If hubby's job transfer comes through, we'd be living in the Reno/Sparks area & need a group to train with. Thanks!,


----------



## npeerens (Feb 20, 2015)

mspiker03 said:


> As far as I am aware, the club isn't around anymore. Where are you located? There are a couple of other options in the area, but none are an official club. (I am in Tahoe).

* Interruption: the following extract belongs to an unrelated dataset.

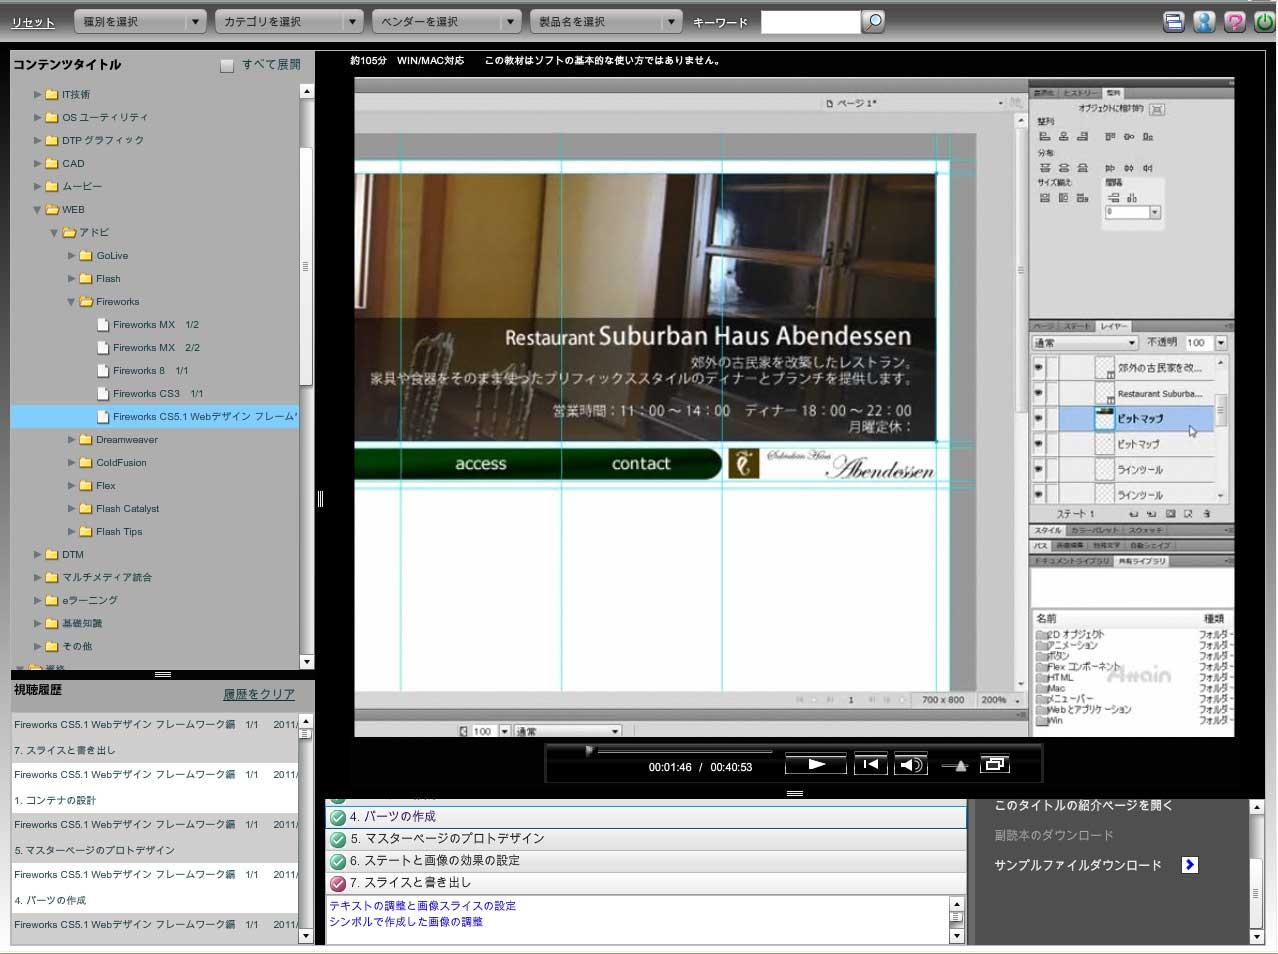 eラーニング「Webデザイン AdobeFireworks フレームワーク編」を動学.tvに11月5日公開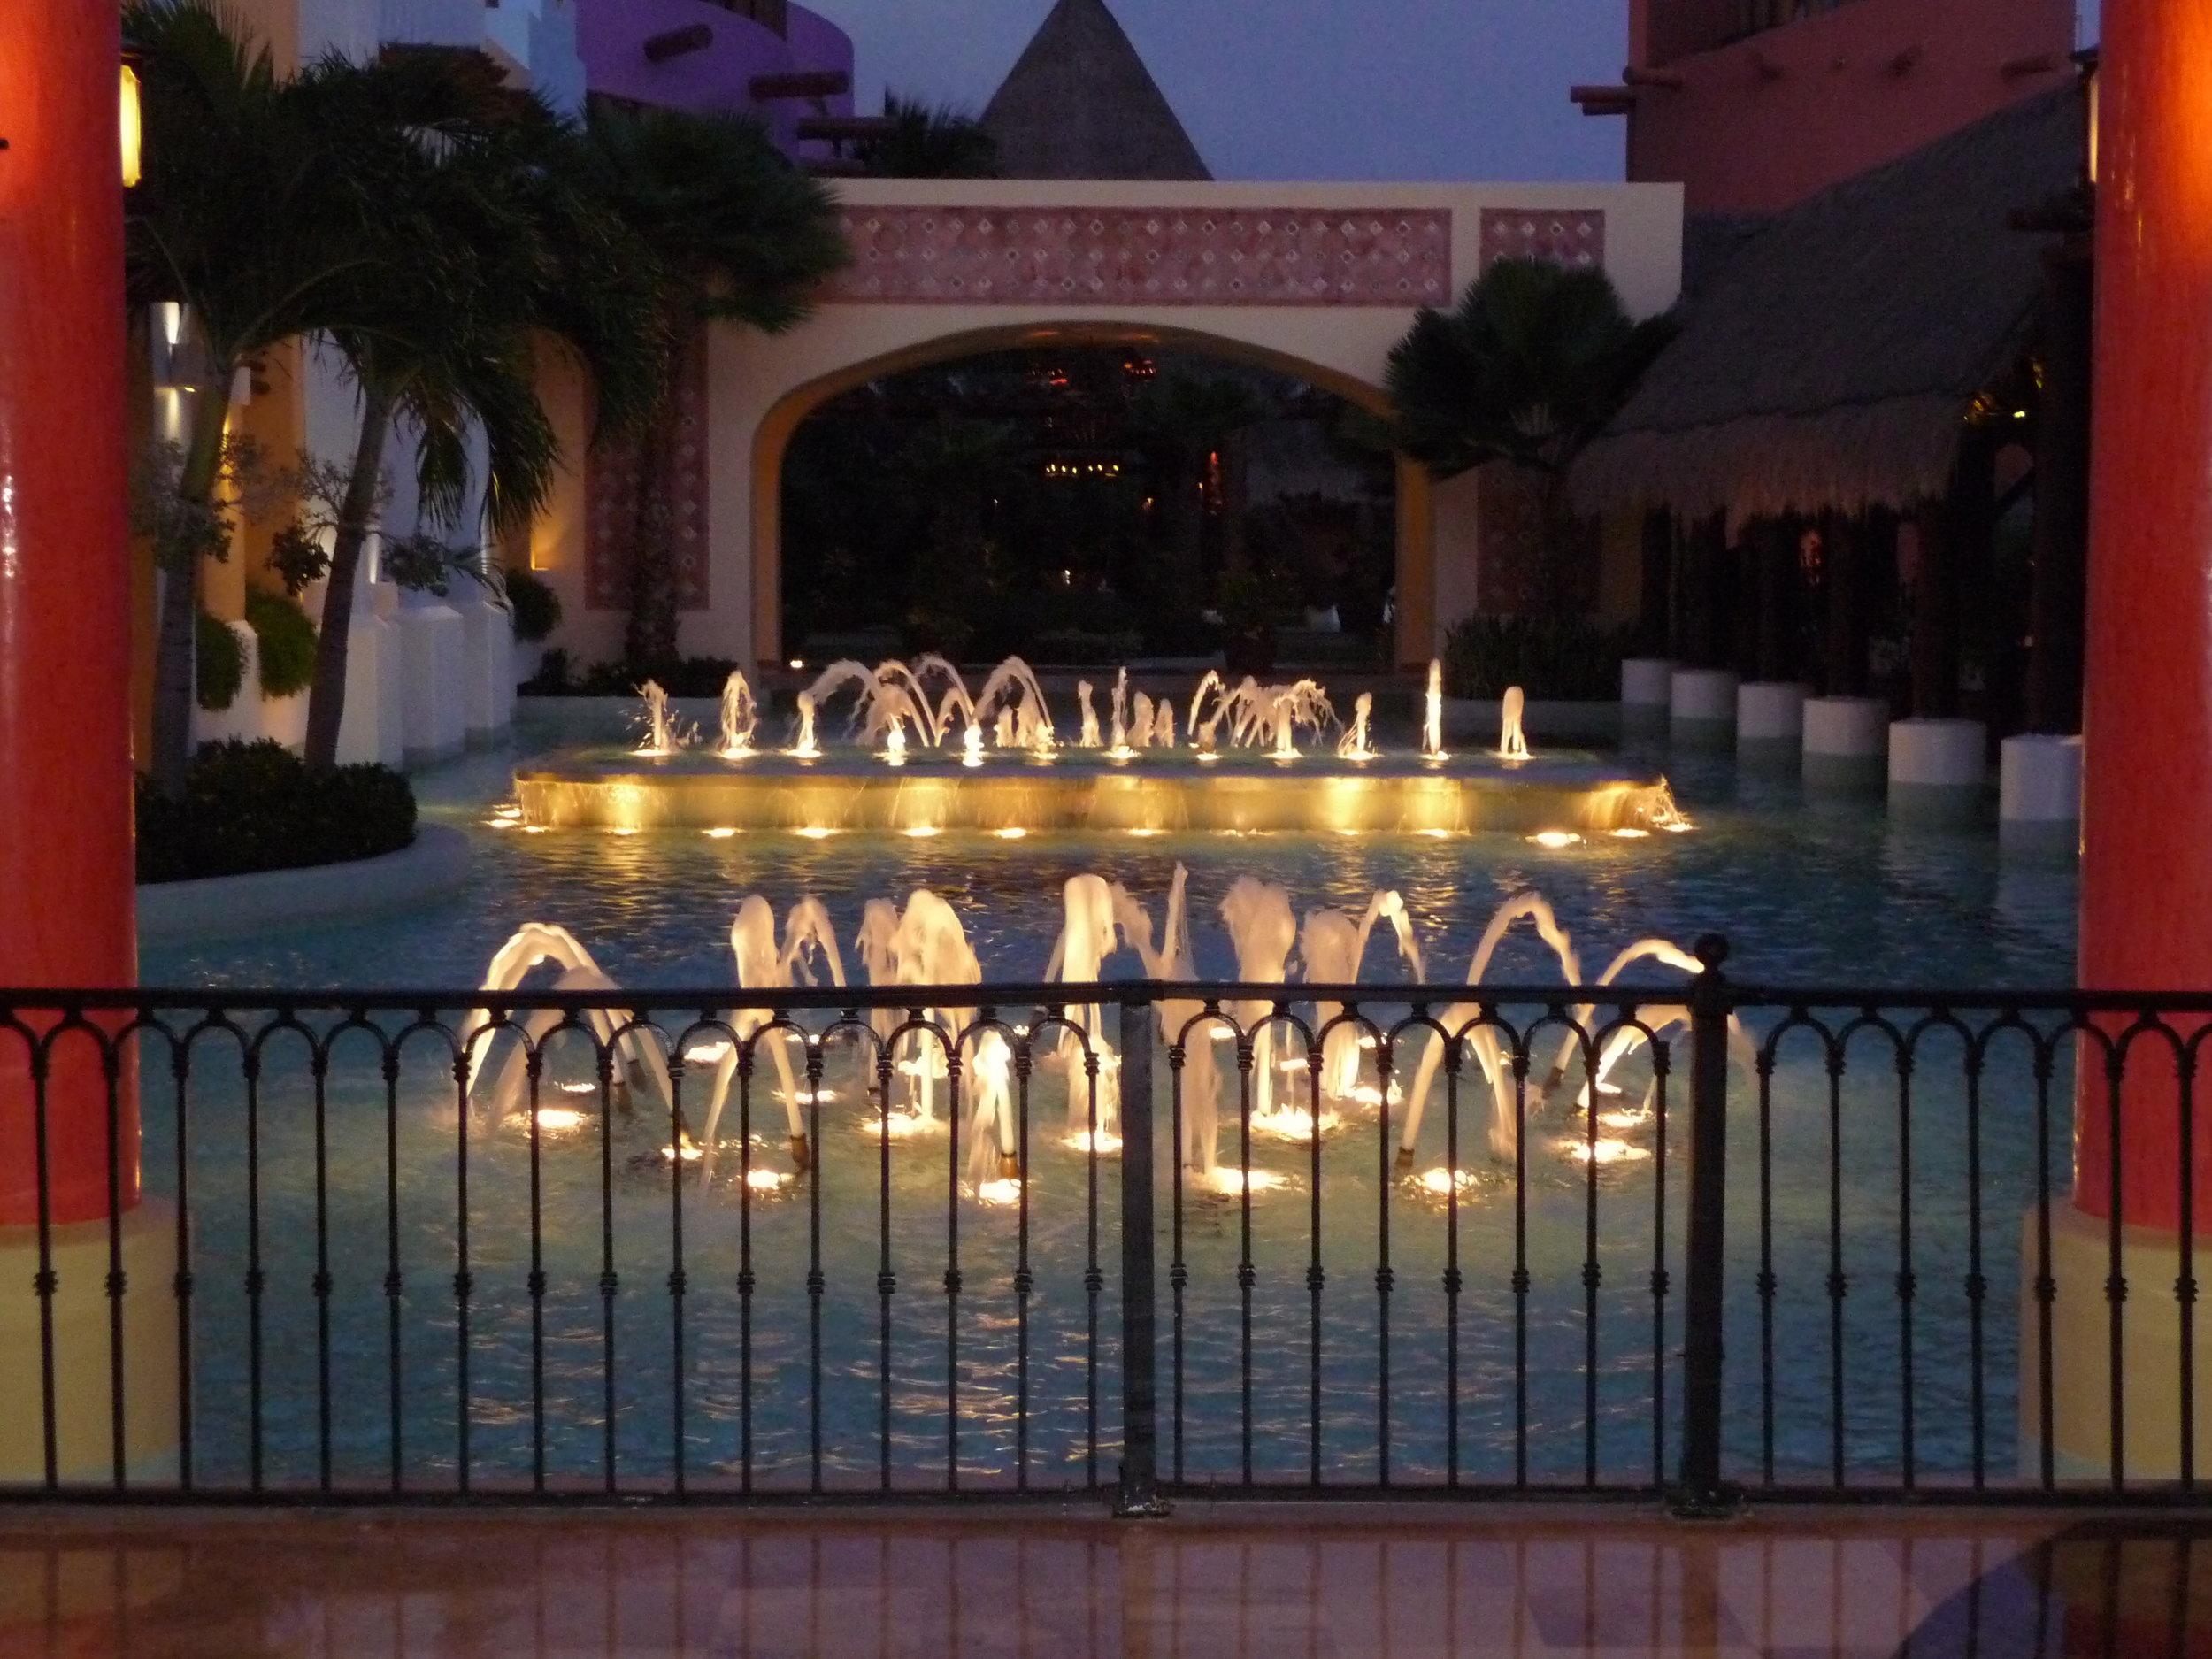 fountains-at-night.jpg

In regards to the Blue Tahoe Schutzhund Club, I was one of the founding members back in the late 1990's along with Tim Burke and his wife as well as 2 other gentlemen. I moved away for a short time and have since lost contact with everyone. I have been trying to locate anyone who is still actively working dogs in the Reno/Tahoe area.

Neil Peerens
[email protected]


----------



## mspiker03 (Dec 7, 2006)

Hi - I am in N. Tahoe and am training two dogs for their BH and beyond. I train in loomis but would love to work more up here!


----------



## racertim (Jun 17, 2015)

*Blue Tahoe Schutzhund Club*

Hi everyone, I am alive and well. I took a three year break and work has taken me to Las Vegas. But I still own a home in near Reno and I am up there monthly. There is still a core group training. I also have a club in Pahrump near Vegas. You can contact me anytime for info.
Tim Burke


----------



## graffamd (May 4, 2018)

*Schutzhund Club Reno*



racertim said:


> Hi everyone, I am alive and well. I took a three year break and work has taken me to Las Vegas. But I still own a home in near Reno and I am up there monthly. There is still a core group training. I also have a club in Pahrump near Vegas. You can contact me anytime for info.
> Tim Burke


----------



## mycobraracr (Dec 4, 2011)

Melissa, is Steve House still doing anything out of Reno?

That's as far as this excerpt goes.